Buy! Oh noble buyer, buy your merchandise from me!

(Bazaar of the Caravans, from Kismet by Wright & Forrest)

 

Oh, if only it were that simple. Today there are hundreds of retail outlets and thousands of manufacturer brands available. Isn’t the free market wonderful? Sure, if you don’t care where your money goes. American retailers for the most part are not buying from American suppliers, so a large part of their buying power is going to businesses outside the USA. What’s worse is that many American made products are not owned by Americans, which means that the profits don’t stay in the USA; they go into the pockets of foreign owners, which means that those profits are not taxed here. It’s going to get even worse if The United States foolishly signs on to the Trans Pacific Partnership, but that’s another story.
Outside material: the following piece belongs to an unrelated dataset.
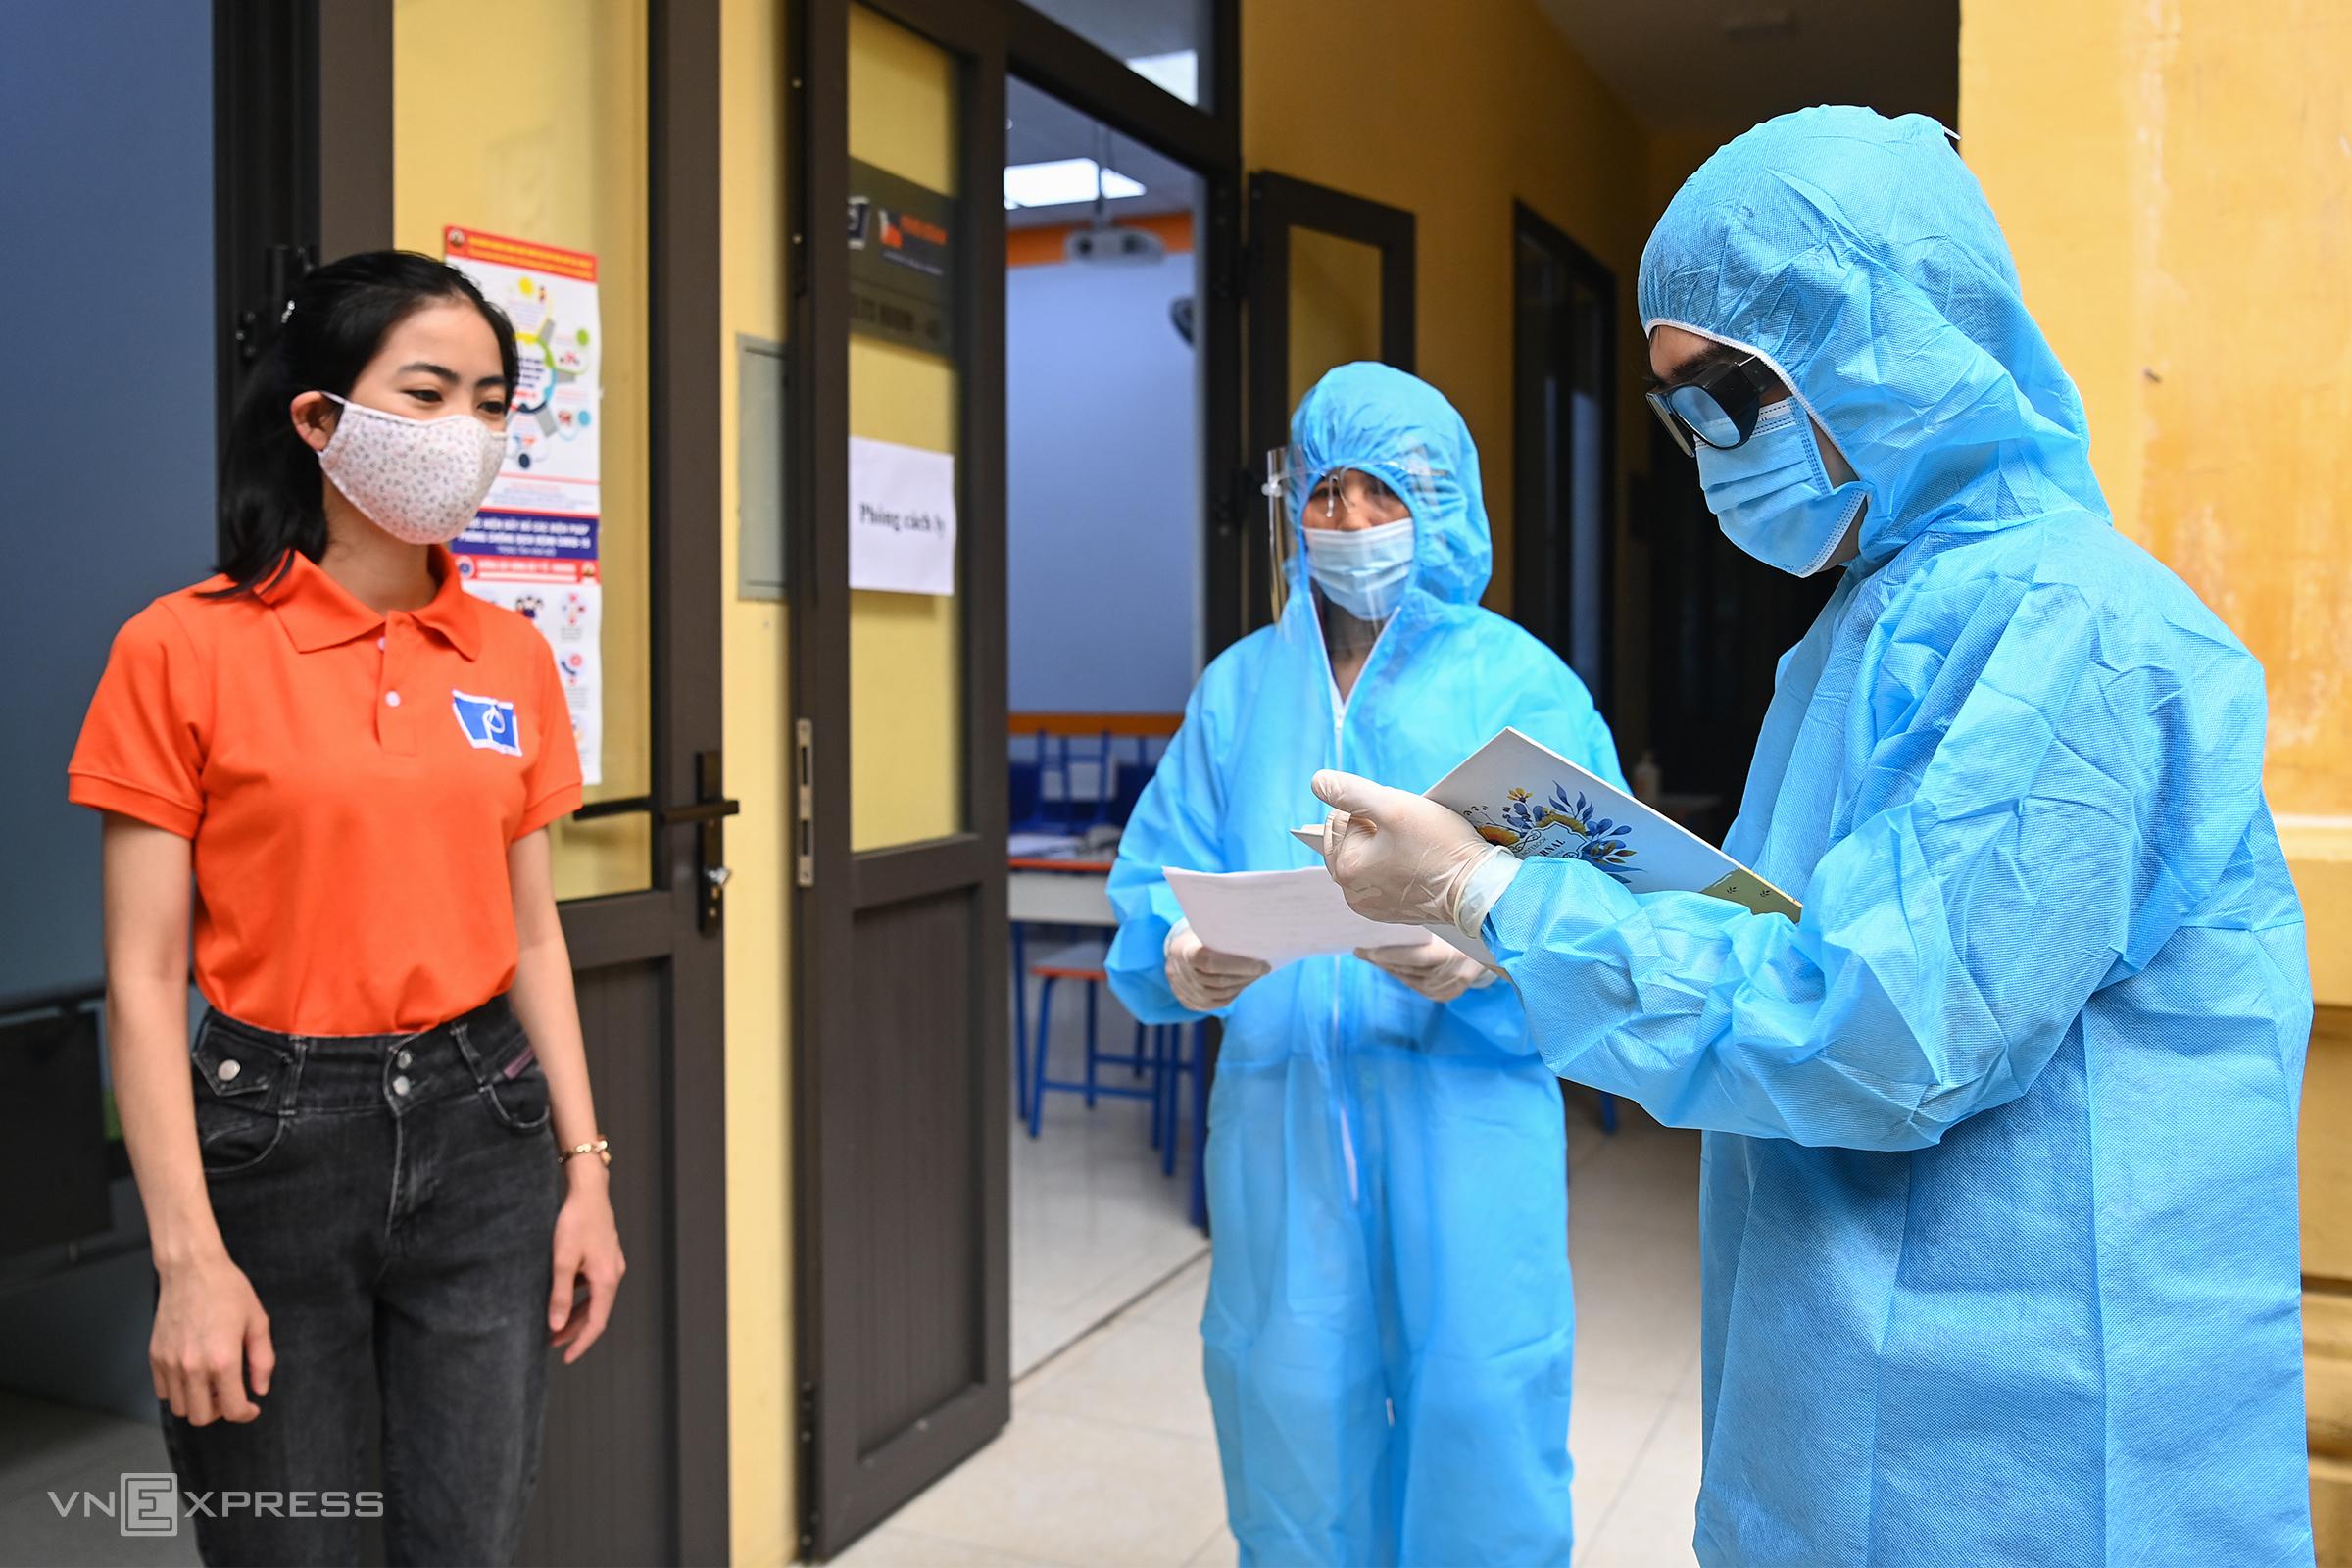 Diễn tập phương án phòng, chống dịch Covid-19 tại Trường PTTH Phan Đình Phùng, Ba Đình, Hà Nội, ngày 8/6. Ảnh: Giang Huy.

 Roger Simmermaker has written two books, My Company ‘Tis of Thee and How Americans Can Buy American, on how to buy things that are made in this country. He regularly sends out e-mail alerts on products. His company is called Consumer Patriot Corporation. Here’s his website, www.howtobuyamerican.com, and you can sign up for his newsletter and buy his books through it. Roger actually is employed by a government contractor and this is not how he makes his living, however, he is passionate about buying American and this is his passion. In his books he cites over 2400 products that are made here and the list is growing. Even this informed audience was shocked to learn that soaps like Lever 2000 are owned by a British and Dutch consortium. Heinz has recently been bought in part by investor Warren Buffet, but 50% of Heinz is foreign owned. Who knows what will happen there. Do you like Budweiser, Coors or Miller beers? That’s nice. Busch Brewing, Miller and Coors are now owned by a Belgian Multinational and a couple of Brazilian billionaires. As Simmermaker explains, if all the foreign owned American companies were actually paying taxes on their profits we would not have the revenue and debt problems we now have.

When the autumn weather turns the leaves to flame, one hasn’t got time for the waiting game.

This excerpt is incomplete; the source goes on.